When I finished reading this book, I felt I had to share something, somewhere. I wasn't ready to write a review yet. I was still too rapt. So I went to Facebook, and posted:
Just finished reading Karen Joy Fowlers "We are all completely beside ourselves." Coming up for air now. It's a masterpiece. The voice is comic, sprightly, delightful. The story is dark and layered... so much so that midway, I thought it might be too much for me to deal with. I'm glad I continued.
I lucked out on the way I came to this book.
WHY KINDLE IS BETTER
At Wiscon, where Karen read from it, I'd hoped to get her to sign it for me. I didn't know anything about it then, but Karen was one of my Clarion instructors and I love her writing. But the book wasn't actually coming out until two days after Wiscon. Nor could I attend any of her Bay Area signings, where I'd undoubtedly have bought it.

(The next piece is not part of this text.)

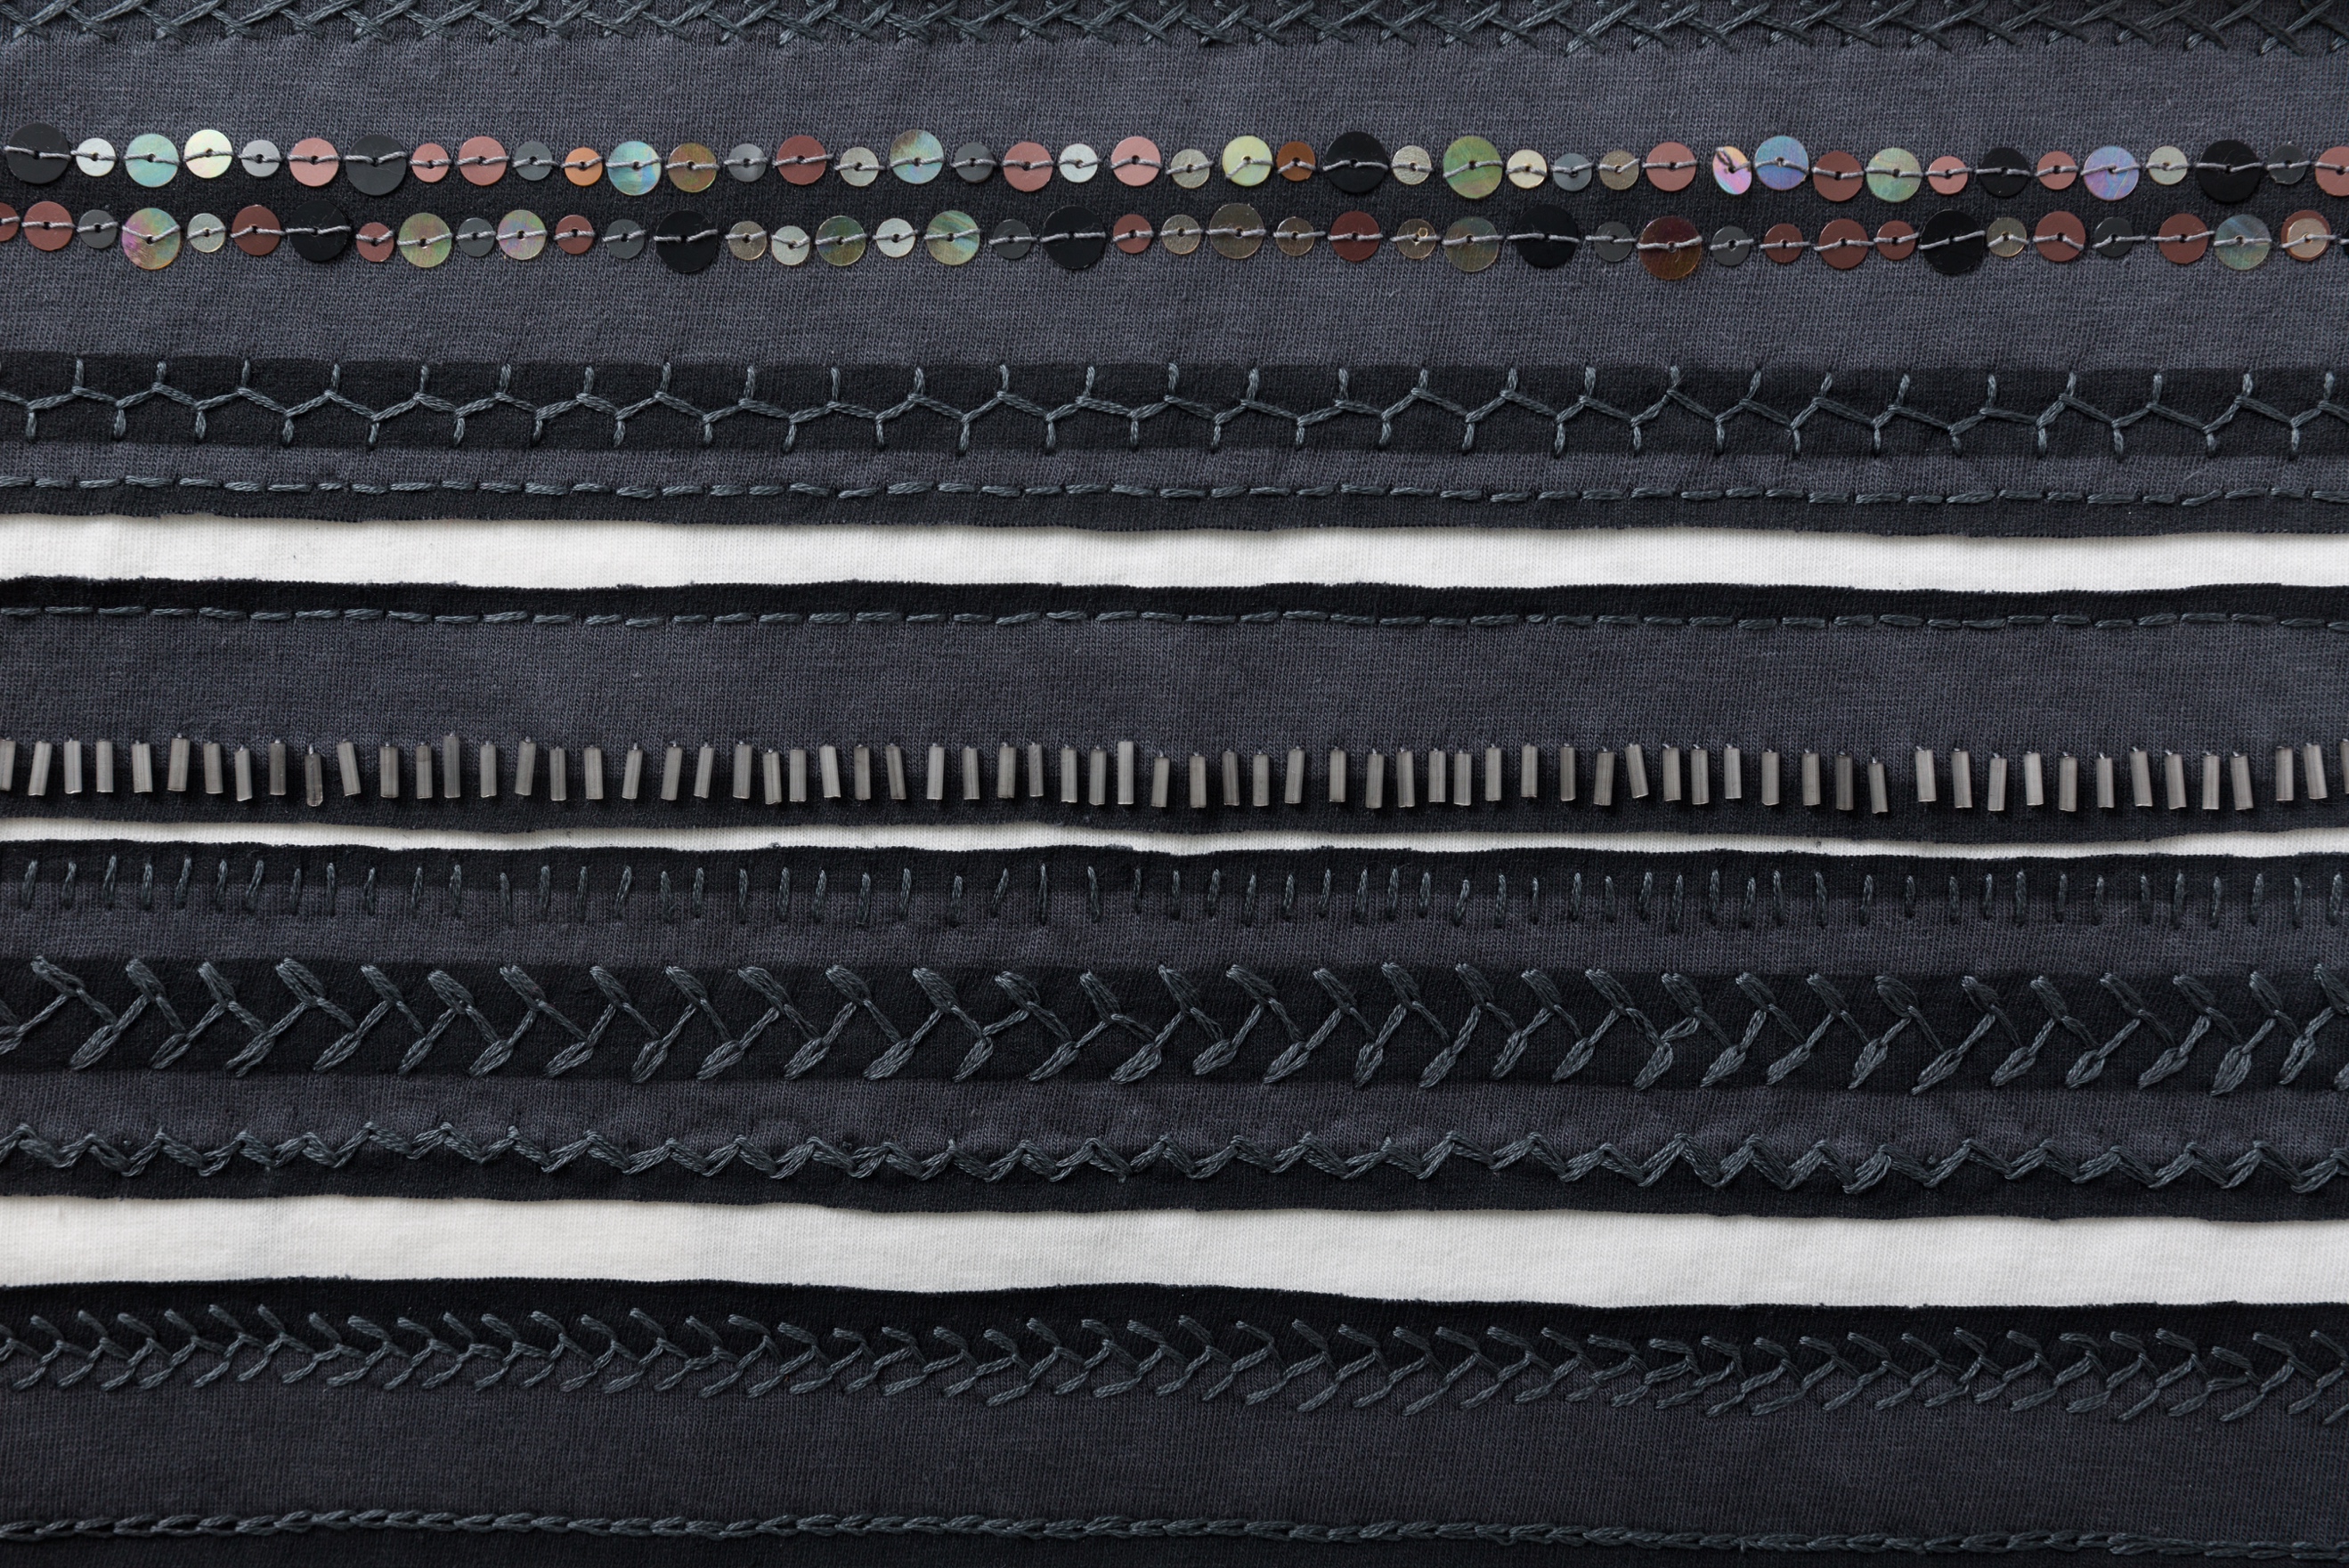 /Users/maggiecrisler/Dropbox/1 - PHOTOGRAPHY WORKING/5 - The School of Making/Swatches/Fabric Swatch - Stripe - Beaded Embroidery - Blue Slate-White - 27716 - January 2018 - Abraham Rowe 1.jpg

I'd wait, I thought. This is San Francisco, she lives not too far from this city, and would undoubtedly be here for a reading some time. But before that happened, my author friend Kater Cheek
wrote a review that made me feel I couldn't put it off any longer.
"I sometimes feel guilty," Kater wrote, "about all my average “liked it” star ratings in a world of grade inflation, and have thought about re-scaling all my books so that they all have 4 or 5 stars. But then a book comes along like this, where it really was amazing, and I’m glad that I so rarely give out 5 stars, because then people can understand that 5 stars means that this book is really something special, and not merely good."

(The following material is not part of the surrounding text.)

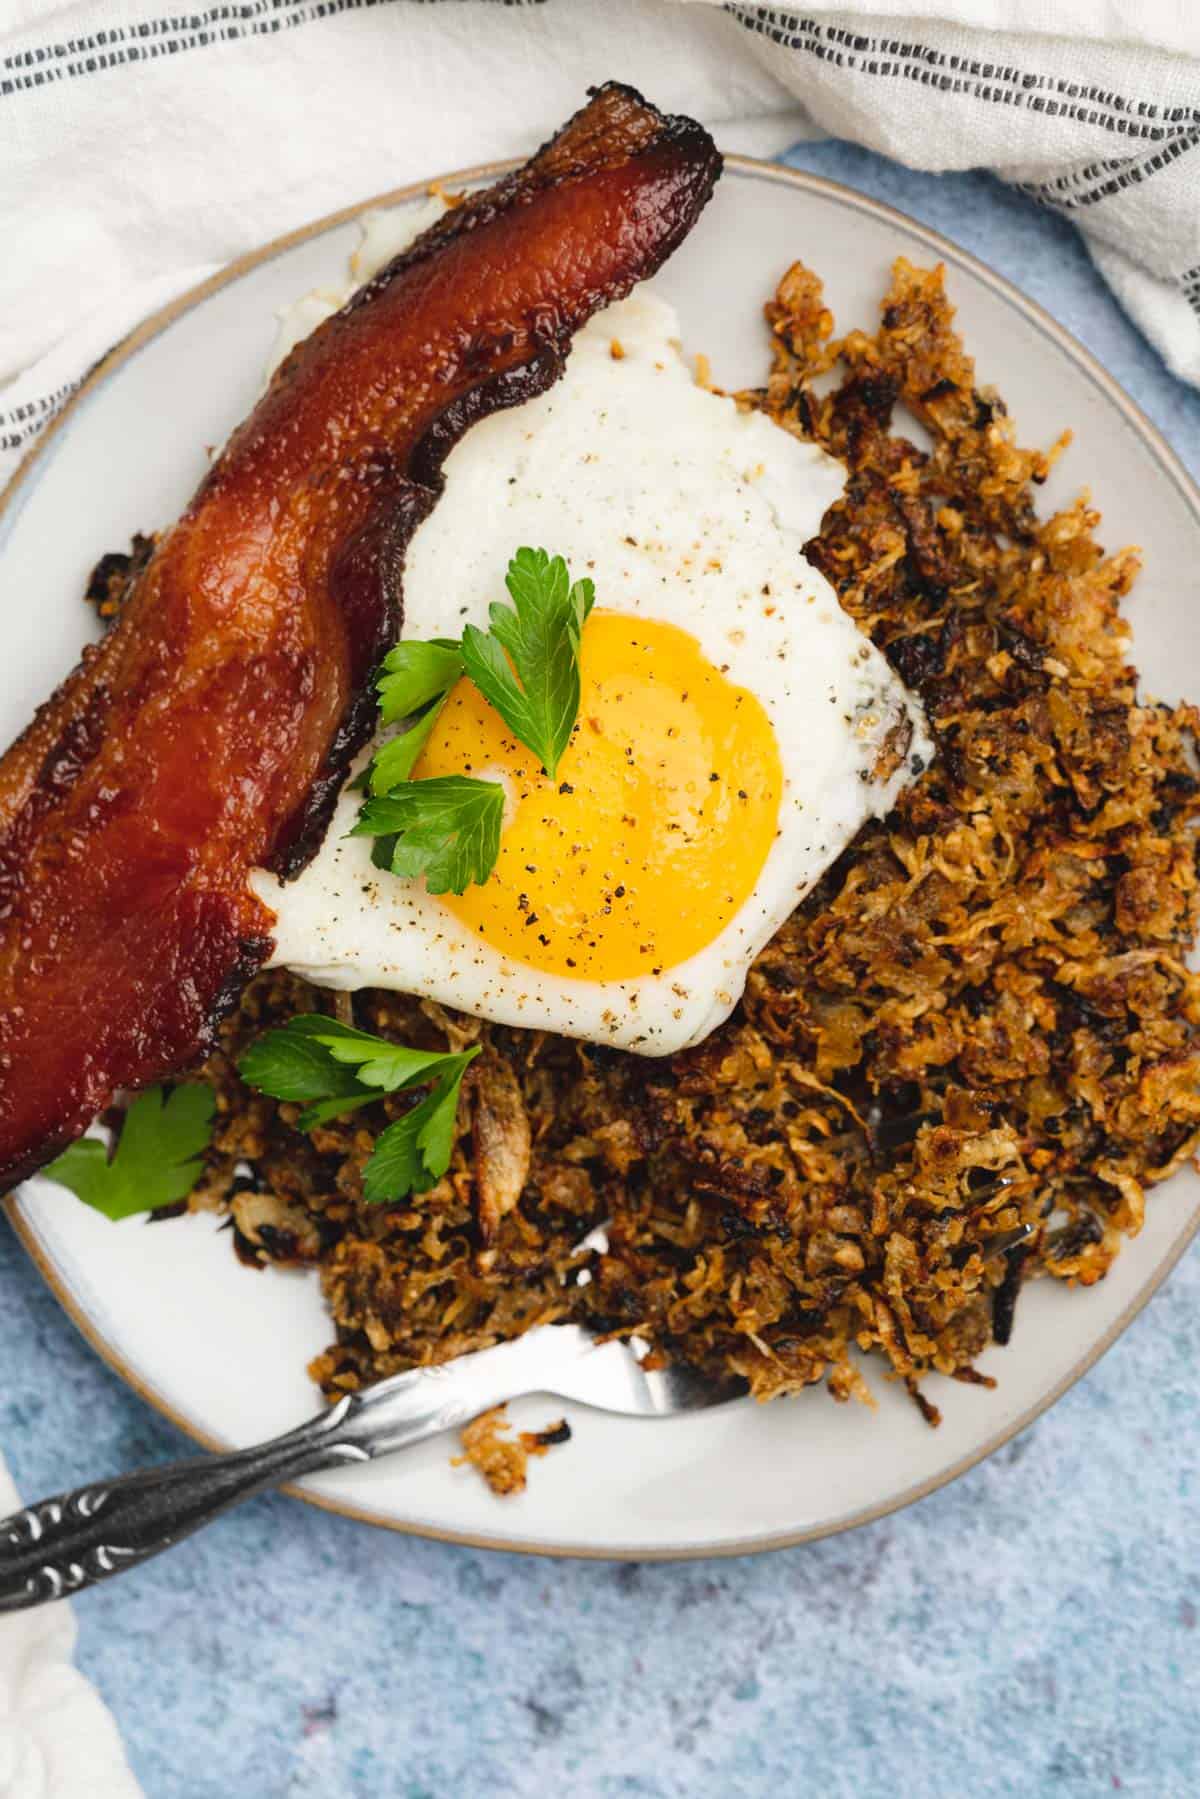 super crispy turnip hash browns with a sunny side up egg, bacon and parsley

The rest of her review was general - as this piece will be, and for the same reason. There's a surprise that hits you well into the book that makes everything you've read thus far fall into place. If you know what that surprise is (and I think many people do by now), it's still a superb book, but it loses - that.
So anyway, after reading Kater's review, the Kindle edition of the book was only a couple of clicks away.
And that's where I got lucky. The paper version of the book actually has the surprise on its dust jacket. (I still haven't bought the paper version, though I intend to do so the next time Karen can sign it.) In fact, it's even in the description on Amazon, which thankfully I did not read. So when I started in, the revelation burst upon me as the author intended, with just the right mixture of shock and comprehension and satisfaction of curiosity and revising of mental images.
And that's why this isn't really a review of the book, but more of a reaction to it.
WHAT I LOVED
I would have read the book for the voice alone. The protagonist, Rosemary, is a college student when we first encounter her. She's just been arrested for getting involved in a cafeteria incident where the girl at the next table is breaking up with her boyfriend by breaking things. Her descriptions are smart and witty, the turns of phrase utterly wonderful.
But it gets even better. It's not just the voice, it's about reality. And perhaps the motto of this book should be 'Nothing is as it seems.' There's a deeper meaning to everything, and even that keeps changing. The plot twists like a snake in a maze.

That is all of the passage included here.